Similarly, the auditors note that provincial and municipal uptake are needed to effectively roll out many of the programs in the Canada Green Buildings Strategy. It is among the audited initiatives that are projected to garner less than 0.5 MT of emissions reduction or avoidance by 2030, but the auditors conclude it is currently experiencing challenges that could further diminish those expectations.
They are also critical of the delayed release of the overarching strategy document, which enunciates three main objectives to:
- motivate retrofits of existing buildings;
- ensure that new construction complies with low-carbon, high-performance criteria; and
- nurture the skills, technologies and financing mechanisms to support the first two objectives.
The strategy was originally promised for 2023, but wasn’t released until July 2024. However, the majority of programs contained in the strategy were already in progress at that time.
Looking at potential clean power sources for the built environment, auditors found that the program for small modular nuclear reactors is behind schedule.
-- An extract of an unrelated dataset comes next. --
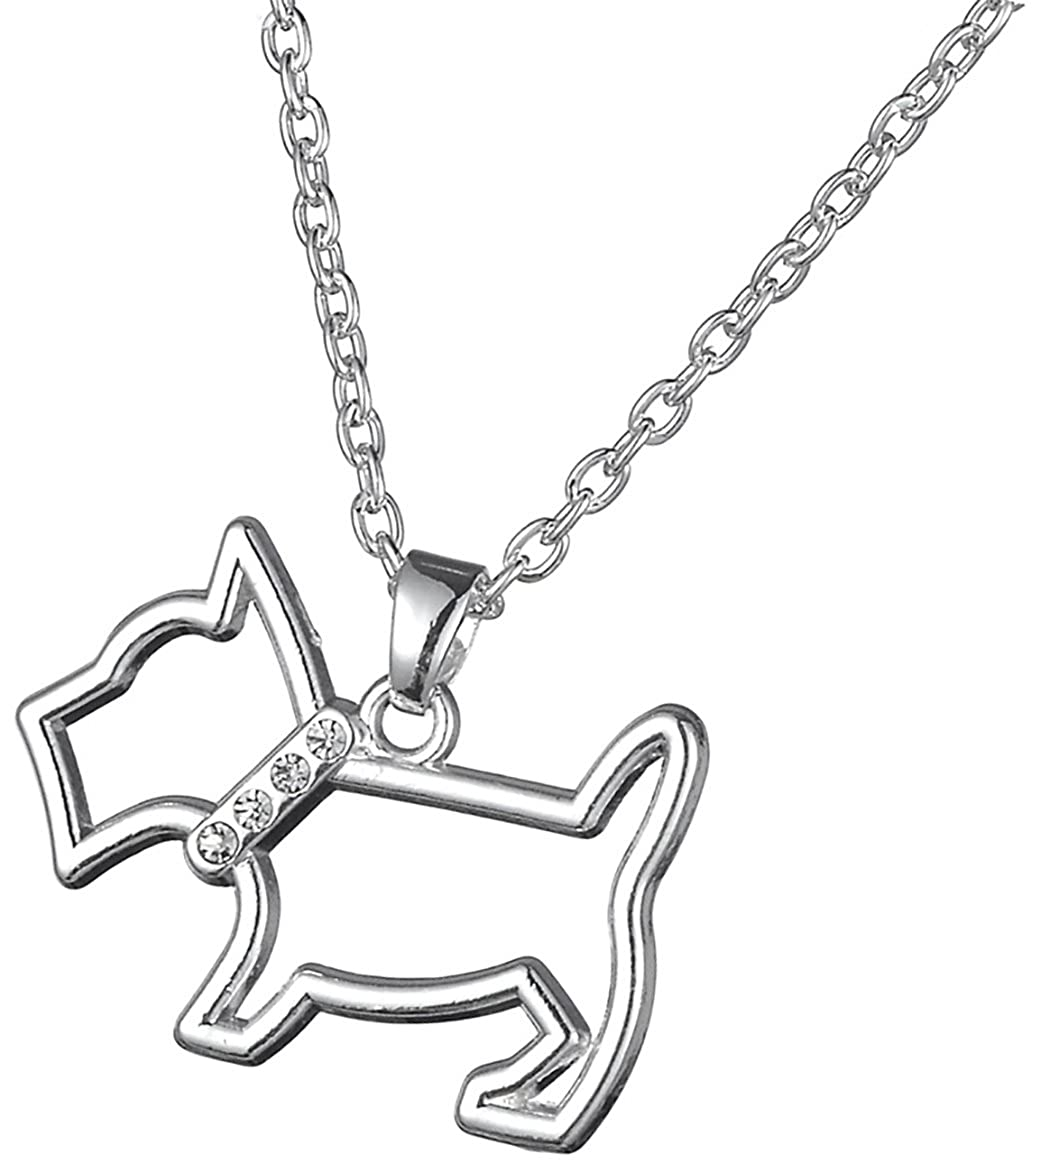 Animal Joyería Forma de Perro Escocés hueca colgante de cristal collar para perro persona Regalo BiChuang

Meanwhile, implementation of four proposed new regulations has been delayed. One of those — related to oil, gas and methane emissions — is considered still on track to achieve targeted emissions reductions by 2030. However, three others — related to clean electricity; methane emissions from landfills; and an oil and gas emissions cap — are categorized as experiencing challenges.
Recommendations for administrative improvements
The auditors recommend a government-wide consistent formula for calculating program cost-effectiveness, or “value for money”, which can parse out the cost per tonne of the resulting emissions reduction or avoidance. Thus far, delivery agents have applied this type of analysis for just eight of the 20 audited measures.
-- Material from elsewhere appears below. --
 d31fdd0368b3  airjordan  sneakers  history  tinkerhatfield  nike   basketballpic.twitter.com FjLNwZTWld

Although the report concedes that it would be challenging to pin down that metric for capacity-building programs that indirectly lead to emissions reductions, it maintains “a common way of assessing the benefits and value derived is important to understand the effectiveness and the cost to Canadians of a measure”.
The auditors also call on delivery agents to more closely monitor how programming flows through to specified user groups such as Indigenous peoples and economically vulnerable communities and demographics. Just six of 20 audited measures had tracked this data.
As well, program rollout for Indigenous peoples is behind schedule in five of the audited measures. In particular, the initiative to replace diesel-fired power generation in remote Indigenous communities is deemed to be encountering significant obstacles.
“The federal organizations told us that the COVID-19 pandemic, as well as the unique circumstances and the remoteness of communities, impacted the timely delivery of projects as planned,” the audit report states.